Vanitas-Still Life by Maria van Oosterwijck, 1668, Kunsthistorisches Museum
It’s been a year since I found out I’m in menopause, which sounds so weird because I’m turning 40 in July. In a way, my early diagnosis was a gift. I spent this past year closing out my thirties by studying the biological and social impacts of a major life experience I was supposed to go through in my 40s. I guess I feel a little smug, like I know more about life than I actually do. And at the same time, the knowing has made me hopeful for the lessons my 40s will bestow upon me. I’m alive and ready to roll.
The Japanese word for menopause, æ›´å¹´æ°— (pronounced Konenki) translates to the renewal of energy. I like this definition so much because it serves as a counterbalance to the ways that I understood menopause a year ago when I knew nothing about it except that it was a confrontation with my own mortality, the beginning of the end. Of what? Oh, I was so silly!
On the anniversary of my diagnosis, I’m sharing five things I’ve learned this year because to renew something means to both resume and extend it. Forward or share the below list with your people if you think they’d find any of it helpful, and of course I hope it helps you.
There is a Menopause Practitioner Database
A cursory Google search for menopause gynecologists will yield many virtual clinics like Midi Health, Winona, and Gennev to name a few. I have no experience with any of these systems because my insurance provider doesn’t cover out of network care. Being limited to the providers in my network was frustrating until I landed in a subreddit forum at 2AM one night last March and read that The North American Menopause Society (now The Menopause Society) has a practitioner database which lets you search by region for providers.
Once I pulled up the list of providers where I live, I did a separate search to see which of these practitioners took my insurance and immediately scheduled an appointment with a menopause-focused gynecologist who changed my life.
Menopause is different for everyone
There are actually different terms for menopause depending on when you go through it (aka: you don’t have a period for a whole year). These include: early menopause for women 40-45, menopause for anyone older than that, and POI, which is what I have. Premature Ovarian Insufficiency is the official term for women 30-40 experiencing symptoms of perimenopause and menopause.
According to The Daisy Network, a UK-based charity for women with POI:
POI is different to menopause that occurs at around the average age (52 years). Not only does it occur at a very young age, but the ovaries often don’t completely fail. This means that ovarian function can fluctuate over time, occasionally resulting in a period, ovulation or even pregnancy, several years after diagnosis.
In fact, as I write I am (apologies for the TMI) on a period(!). After a year of wearing white pants whenever my period is not something I miss. But my larger takeaway from learning these different terms is that the age at which you pass through the menopause portal may be connected to certain types of care that you need. Hormone replacement therapy (HRT, or MHT if you are over 40) isn’t for everyone, but I take it to lower my risk of cardiovascular disease, osteoporosis, and potentially Alzheimers and dementia—all of which are increased by menopause, and all of which I want to decrease the risk of for a few more years.
Get baseline data on your bone density early on
I learned this tip from the The Premature Menocast podcast, but I don’t think it’s exclusively for women under 40, and that is to get a bone density scan early on in your perimenopause/menopause journey. The goal of the scan is to have a baseline to track your postmenopausal bone density loss so that you can get any care that you may need for osteoporosis if you develop it.
My bone density scan took about 10 minutes.
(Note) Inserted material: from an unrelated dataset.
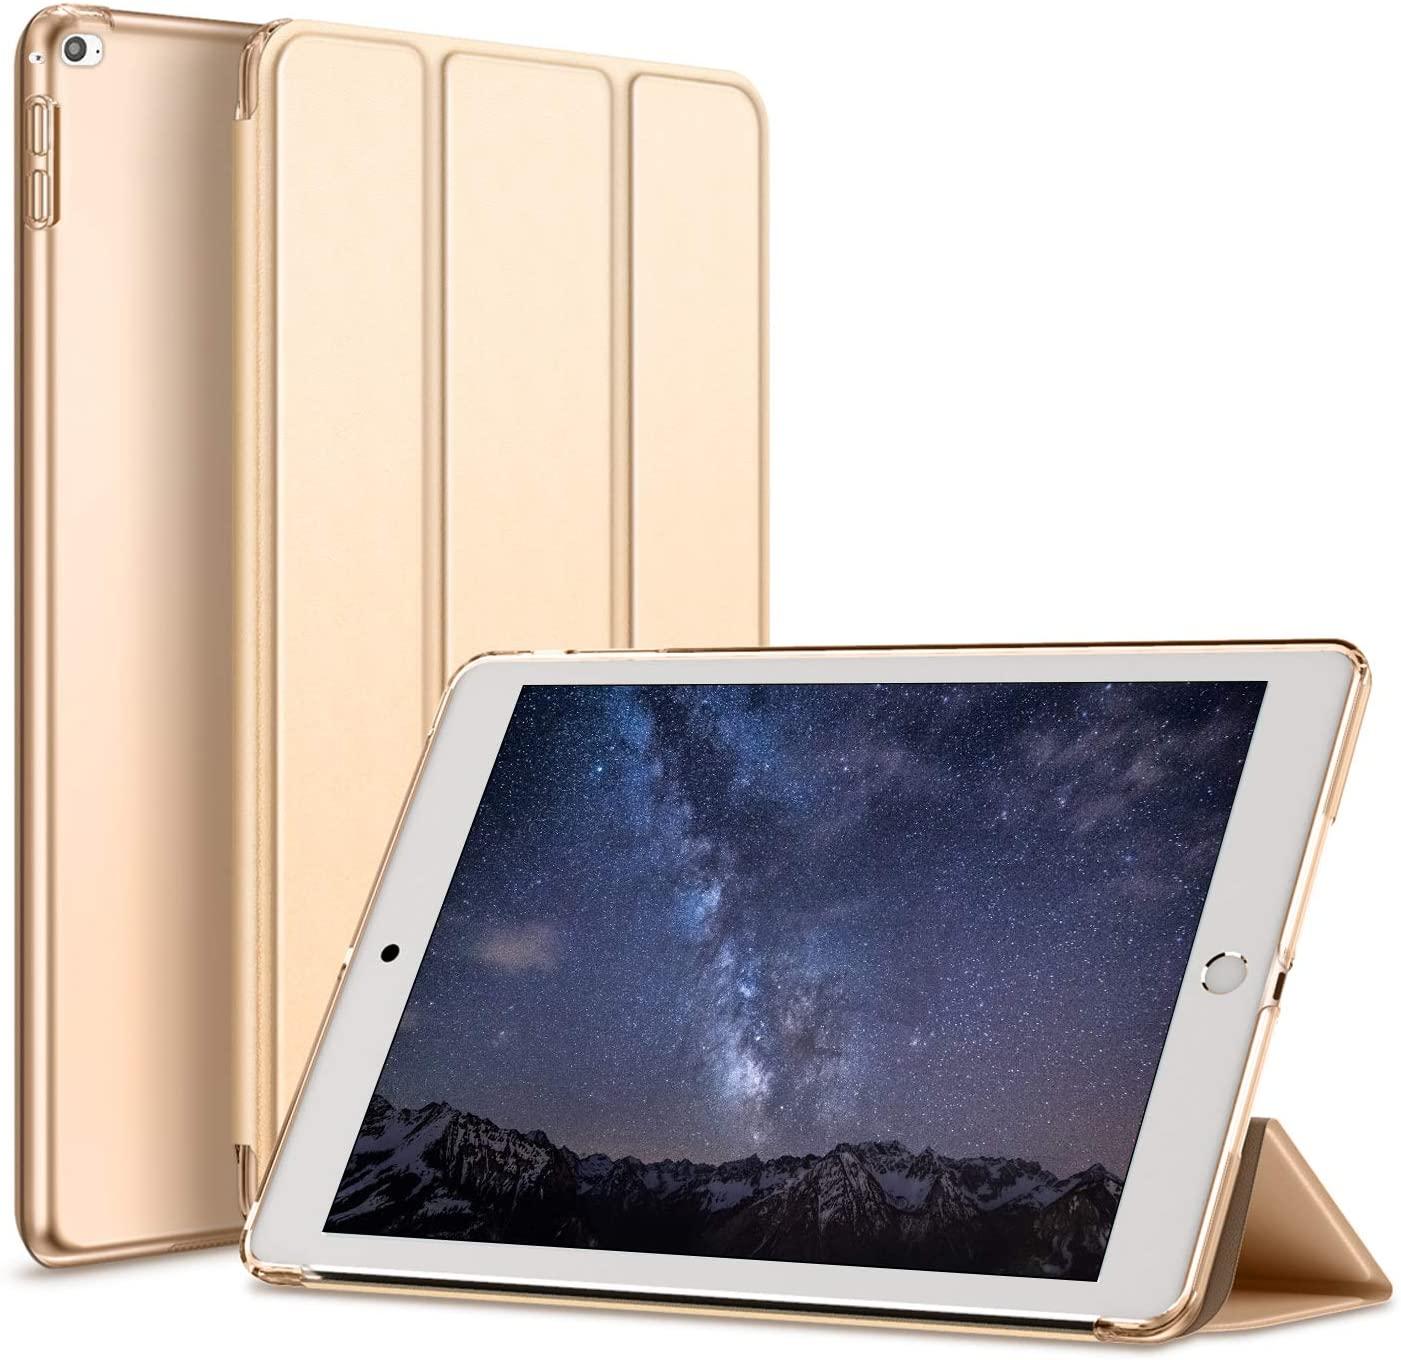 Kenke iPad Mini 4 case 7.9 inch Slim Lightweight Smart iPad Cover 7.9 Inch,Transparent Hard Shell with Auto Sleep Wake for iPad Mini 4th Generation Model A1538/A1550 (Gold)

I had to wear leggings, and I treated myself to ice cream afterward because this is my go-to ritual for all of my medical appointments.
Beware of menopause social media
The menopause algorithms found me within weeks of my initial diagnosis. While I think that on the whole menopause influencers helped me feel less alone, not all of the advice I encountered is backed by science. For example, in menopause documentary, I learned about the benefits of taking testosterone and wondered if I should. Thankfully, Dr. Jen Gunter who writes The Vajenda wrote an excellent critical analysis.
It isn’t just medical advice I’ve become wary of; menopause is also becoming an increasingly popular marketing term that taps into our insecurities about our physical beauty. In her excellent menopause novel All Fours, Miranda July wonders if what people mean by femininity is youth.
You really do feel better in time
I’ve heard that for women who go through menopause or early menopause, that you really do feel better and balanced in time, and I know that to be true for myself. My menopause symptoms began six years ago with torrential periods that (at the time) no gynecologist saw as a clear sign of early perimenopause. Then came the anxiety (explained away by the pandemic and the demands of early motherhood). Then, just a few months before my actual perimenopause diagnosis, night sweats and sleep disturbances. All of my symptoms were alleviated by HRT, Magnesium Glycinate, and learning to take more time for myself.
Renewal happens over time, with each fact you learn and step you take. Take action where you can, ask for support when you need it, and know that the hard parts don’t have to teach you anything. They can simply be hard, and you will get through them, and eventually you’ll be on the other side.